Second, bad faith may be found where the Respondent knew or should have known of the registration and use of the Complainant’s LANVIN Mark prior to registering the Disputed Domain Name. See Façonnable SAS v. Names4sale, WIPO Case No. D2001-1365. Such is true in the present case in which the Respondent registered the Disputed Domain Name 50 years after the Complainant first registered and used the LANVIN Mark, and during which time the Complainant enjoyed a high degree of fame for its couture goods.
The longstanding and public use of the LANVIN Mark would make it disingenuous for the Respondent to claim that it was unaware that the registration of the Disputed Domain Name would violate the Complainant’s rights. See Expedia, Inc. v. European Travel Network, WIPO Case No.

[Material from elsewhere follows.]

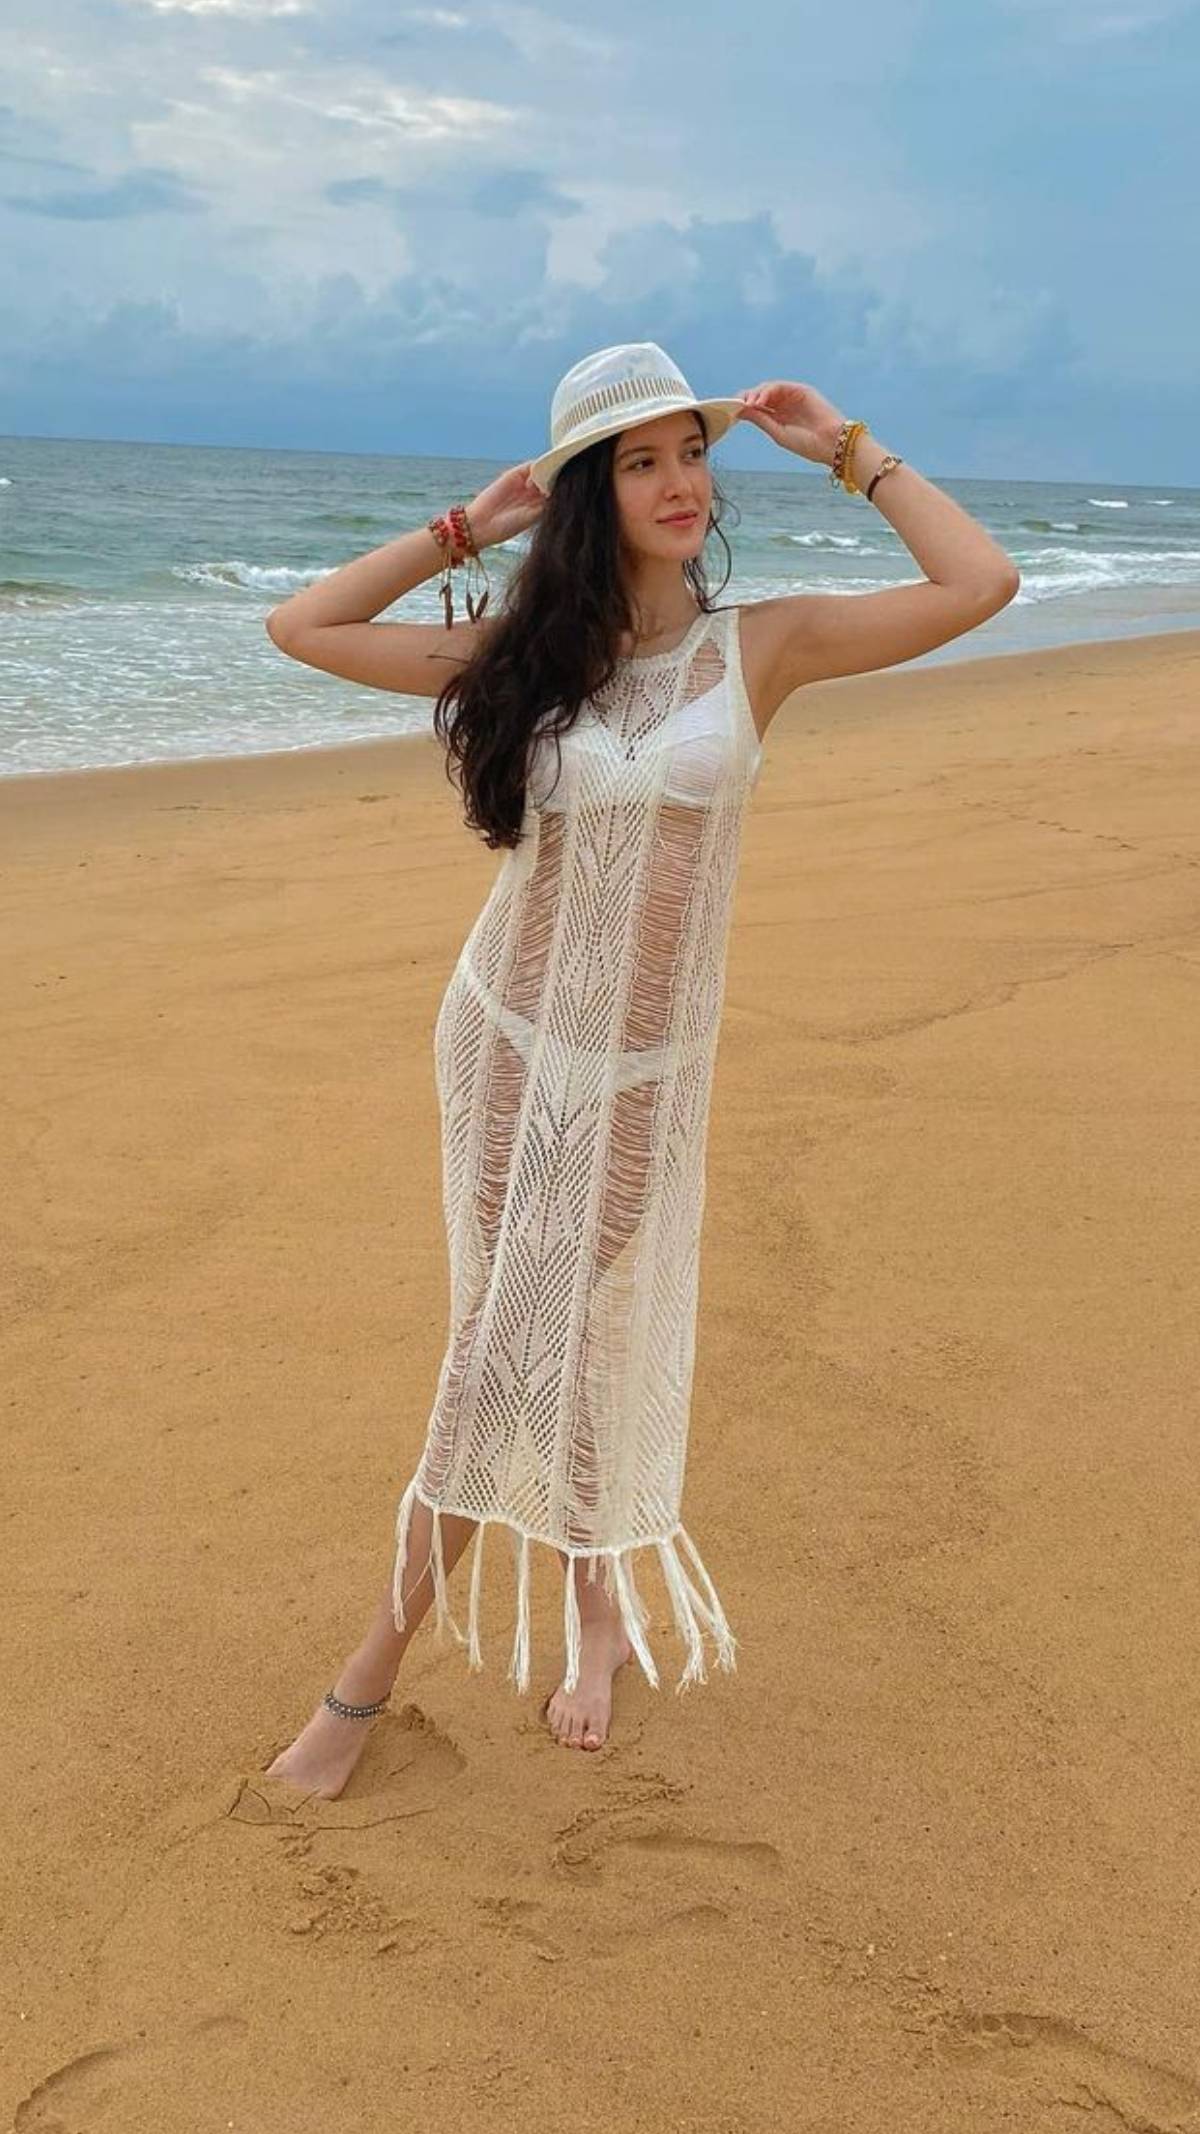 Shanaya Kapoor looks super sexy in the white bikini and the lace overlay.

D2000-0137 (finding bad faith where the respondent registered the domain name after the complainant established rights and publicity in the complainant’s trademarks). Thus, the timing of the Respondent’s registration and use of the Disputed Domain Name indicates that it was made in bad faith.
Third, the registration of a domain name that is confusingly similar to a well-known registered trademark by an entity that has no relationship to that mark may be suggestive of bad faith registration and use. See Veuve Clicquot Ponsardin, Maison Fondée en 1772 v. The Polygenix Group Co., WIPO Case No. D2000-0163 (use of a name connected with a well-known service and product by someone with no connection to the service and product suggests opportunistic bad faith). Based on the circumstances here, the Respondent registered and used the Disputed Domain Name in bad faith in an attempt to create a likelihood of confusion with the LANVIN Mark and to disrupt the Complainant’s business.
Accordingly, the third element of paragraph 4(a) of the Policy has been met by the Complainant.
For the foregoing reasons, in accordance with paragraphs 4(i) of the Policy and 15 of the Rules, the Panel orders that the Disputed Domain Name <lanvinbridal.com> be transferred to the Complainant.1
Lynda M. Braun
Date: April 30, 2019
1 This UDRP case is but one of many that have been decided by WIPO panelists in which the domain name at issue in each case was ordered to be transferred to the Complainant, Jeanne Lanvin. See Jeanne Lanvin Company v. Liuliu Liu, WIPO Case No. D2015-0208; Jeanne Lanvin Company v. Lannys Tyndali, WIPO Case No. D2013-1140; Jeanne Lanvin Company v. lin tao, WIPO Case No. D2013-0952; Jeanne Lanvin c. Teresa Lomeli, WIPO Case No. DES2017-0038; Jeanne Lanvin Company v. Ge Muqie, WIPO Case No. D2013-0342; Jeanne Lanvin Company v. mu mengui, WIPO Case No. D2013-0340; Jeanne Lanvin Company v. Vivi Wei, WIPO Case No. D2013-0343; Jeanne Lanvin Company v. Opnqkfe Opnqkfe, WIPO Case No. D2013-1141; Jeanne Lanvin Company v. Li piaosa, WIPO Case No. D2013-0339; Jeanne Lanvin Company v. Jia Nongdeng, WIPO Case No. D2013-0341; and Jeanne Lanvin Company v. Jay Lee, WIPO Case No. D2013-0953.